Having this context upfront saves significant time. A lot of the back-and-forth in a typical setup session comes from an AI assistant not knowing what decisions have already been made, what hardware is involved, or what pitfalls exist. This document answers most of those questions in advance.

---

## Who This Is For

You have an Apple Silicon Mac (any M-series chip — M1 through M4) and you'd like to run an AI chatbot **entirely on your own machine**. No cloud, no accounts, no monthly subscription, and — most importantly — **no data ever leaving your computer**.

You don't need to be a developer.

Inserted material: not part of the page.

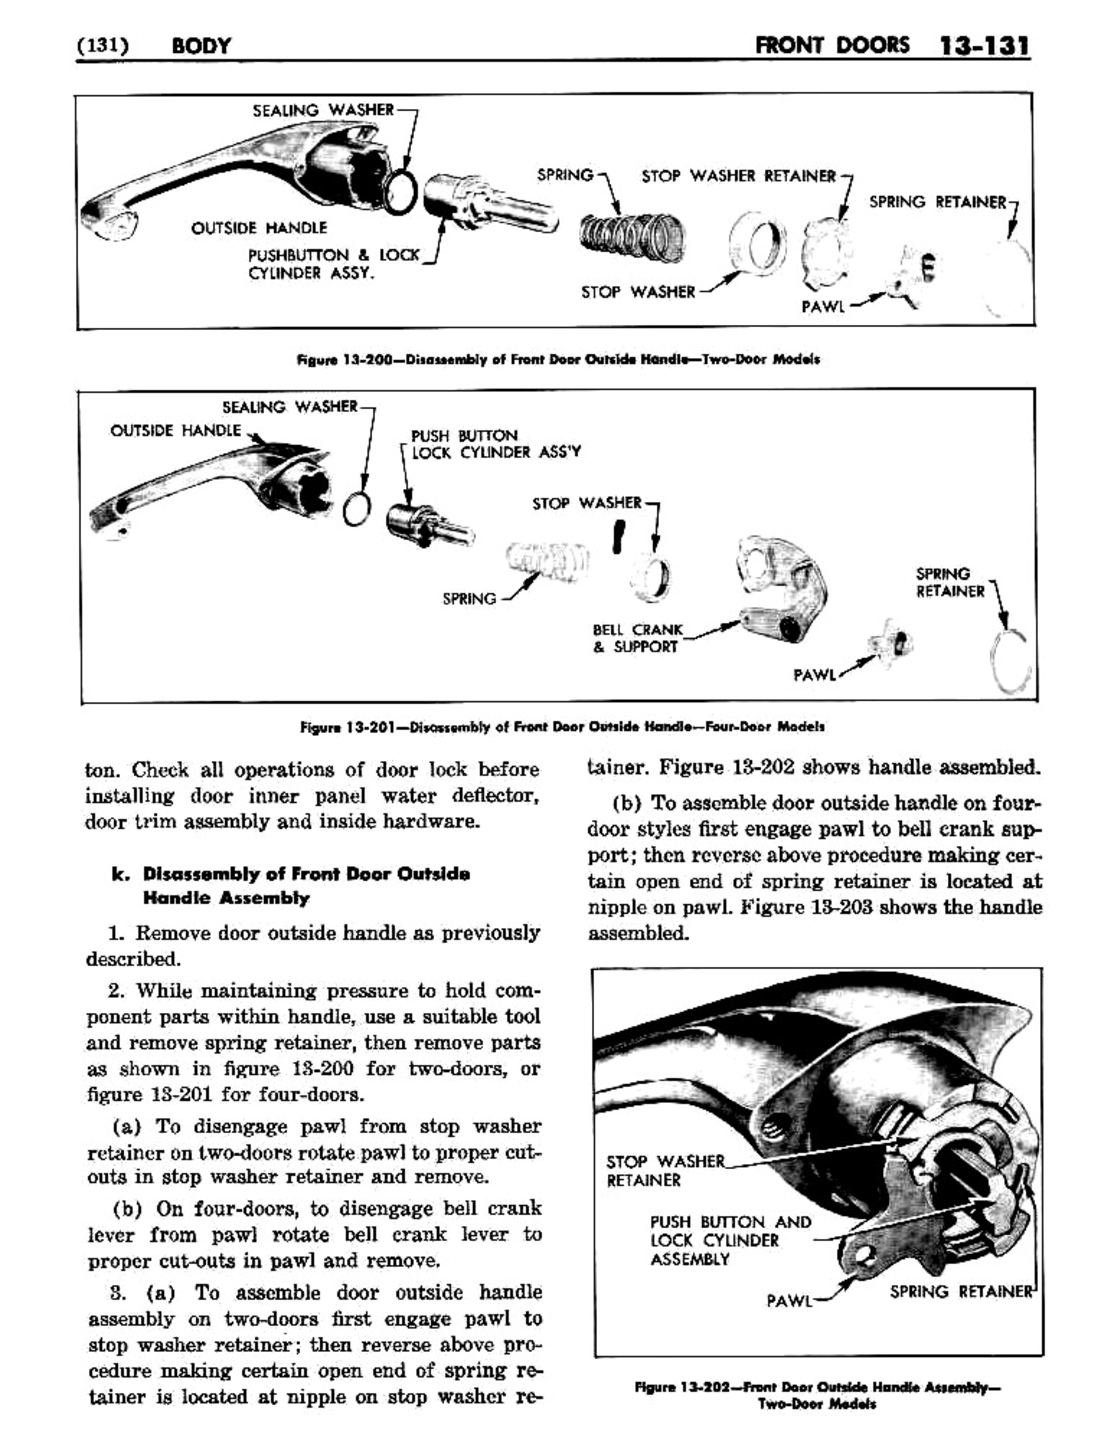 n_1957 Buick Body Service Manual-133-133.jpg

This guide assumes you're comfortable clicking around your Mac but maybe a little nervous about the Terminal. We'll walk through that together.

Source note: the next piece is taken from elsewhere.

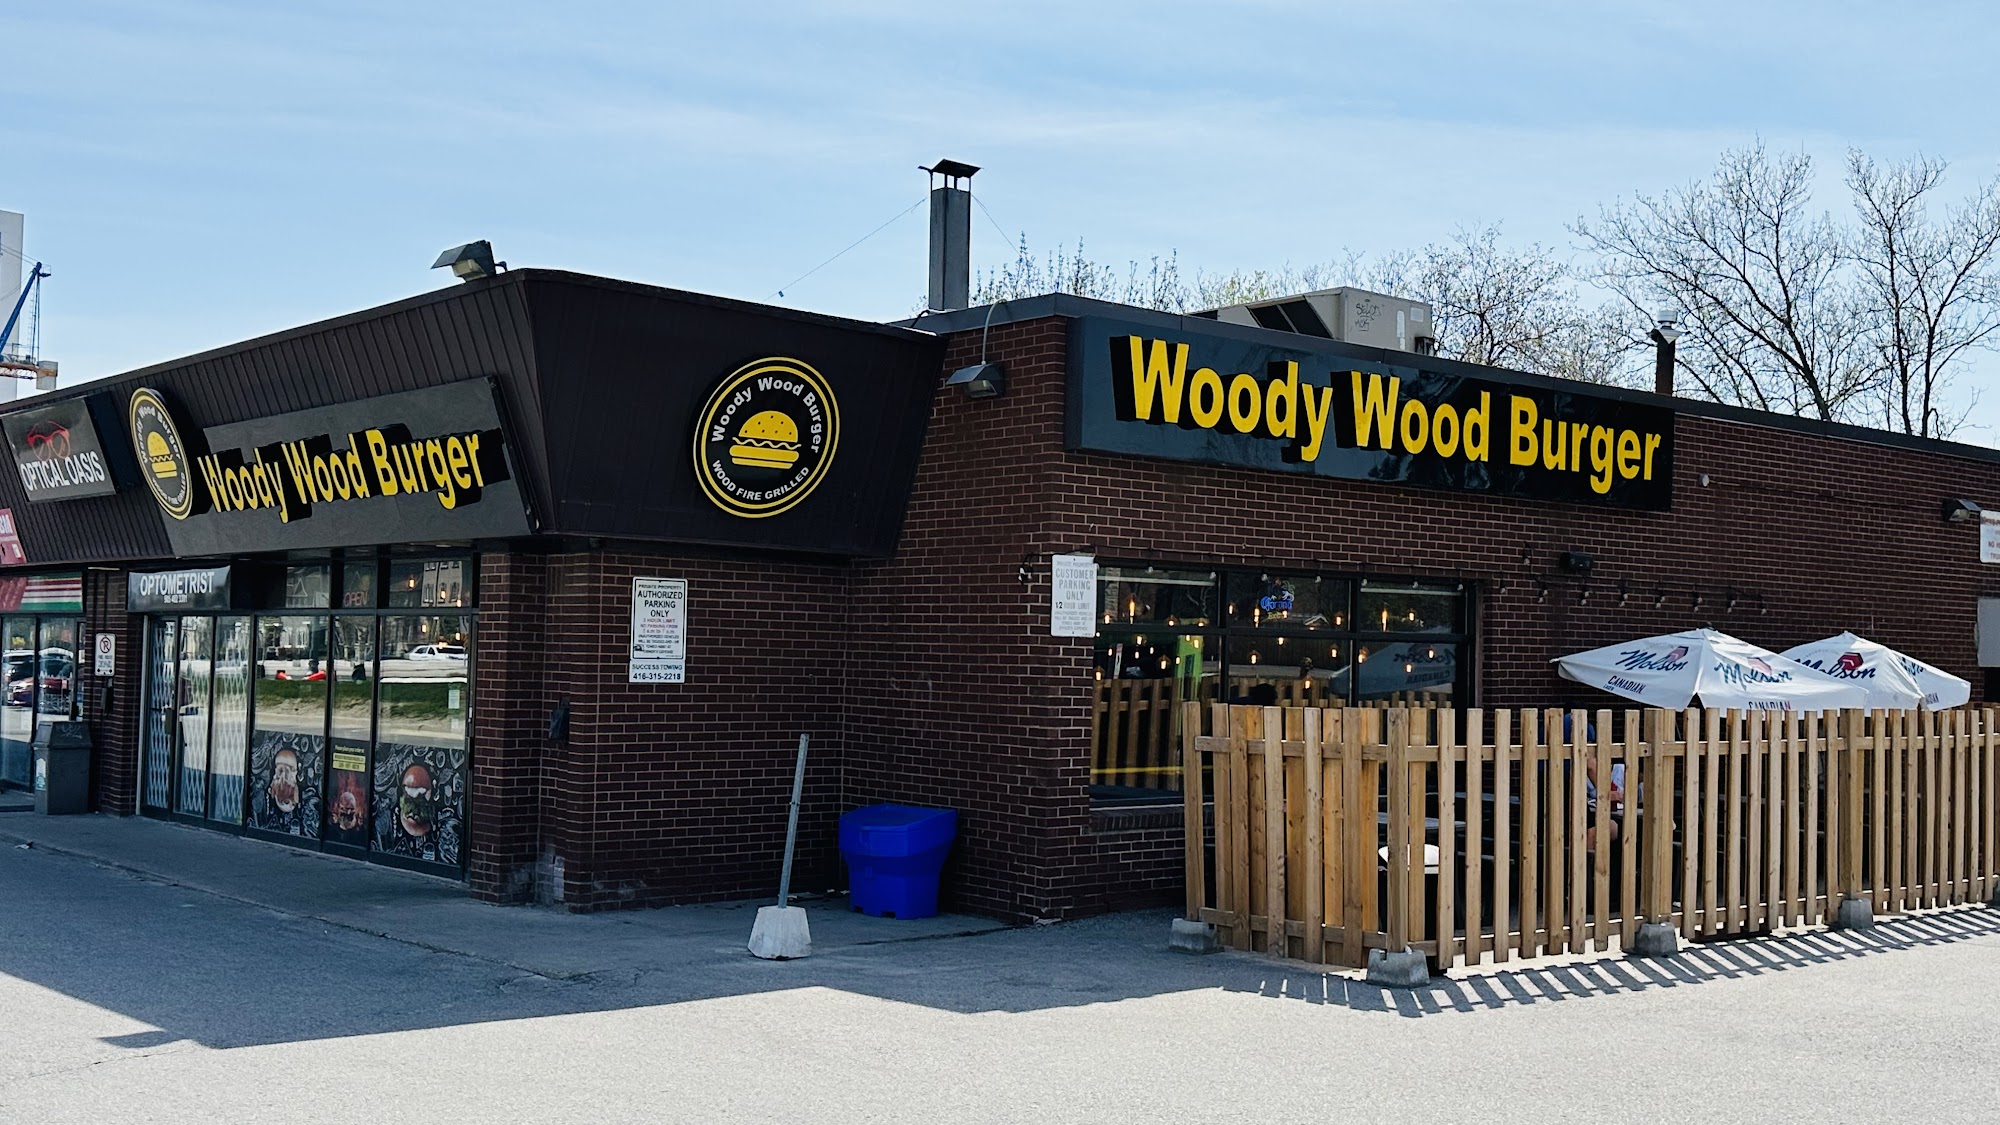 Woody Wood Burger

Reasons you might want this:

- **Privacy.** Process sensitive material — personal messages, private documents, work files — without sending it to anyone's servers.
- **No cost.** Free forever after setup. No per-message charges, no subscriptions.
- **No limits.** Use it as much as you want.
- **Works offline.** Once models are downloaded, no internet required.
- **Curiosity.** It's a genuinely satisfying way to understand how this technology actually works.

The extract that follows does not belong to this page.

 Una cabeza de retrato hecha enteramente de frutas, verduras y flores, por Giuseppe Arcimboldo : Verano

The tradeoff: models that run on your own computer are smaller and less capable than the big cloud models (like ChatGPT or Claude). They're still remarkably good — just not frontier-level. And you do the setup yourself, which is what this guide is for.

> **My setup, for reference:** I built this on a **Mac Mini M4 with 16GB of RAM**. You don't need this exact machine — any Apple Silicon Mac works. The main thing that matters is **how much RAM you have**, because that determines how large a model you can run. More RAM = bigger, smarter models.

---

## Why Run AI Locally?

When you use a cloud AI service, your words travel to a company's servers, get processed there, and the response comes back. That's fine for plenty of things — but for anything sensitive, that data has left your control.

A local AI flips this completely. The "brain" lives on your machine. Nothing you type ever leaves. That's the whole appeal: total privacy, total control, zero ongoing cost.

---

## A Quick Terminal Primer

The **Terminal** is a text-based way to control your Mac by typing commands instead of clicking. It looks intimidating but it's just a different door into the same house.

**To open it:** press `Cmd + Space` (Spotlight), type "Terminal," and press Enter. A window opens with a line ending in `%` — that's the **prompt**, waiting for you to type.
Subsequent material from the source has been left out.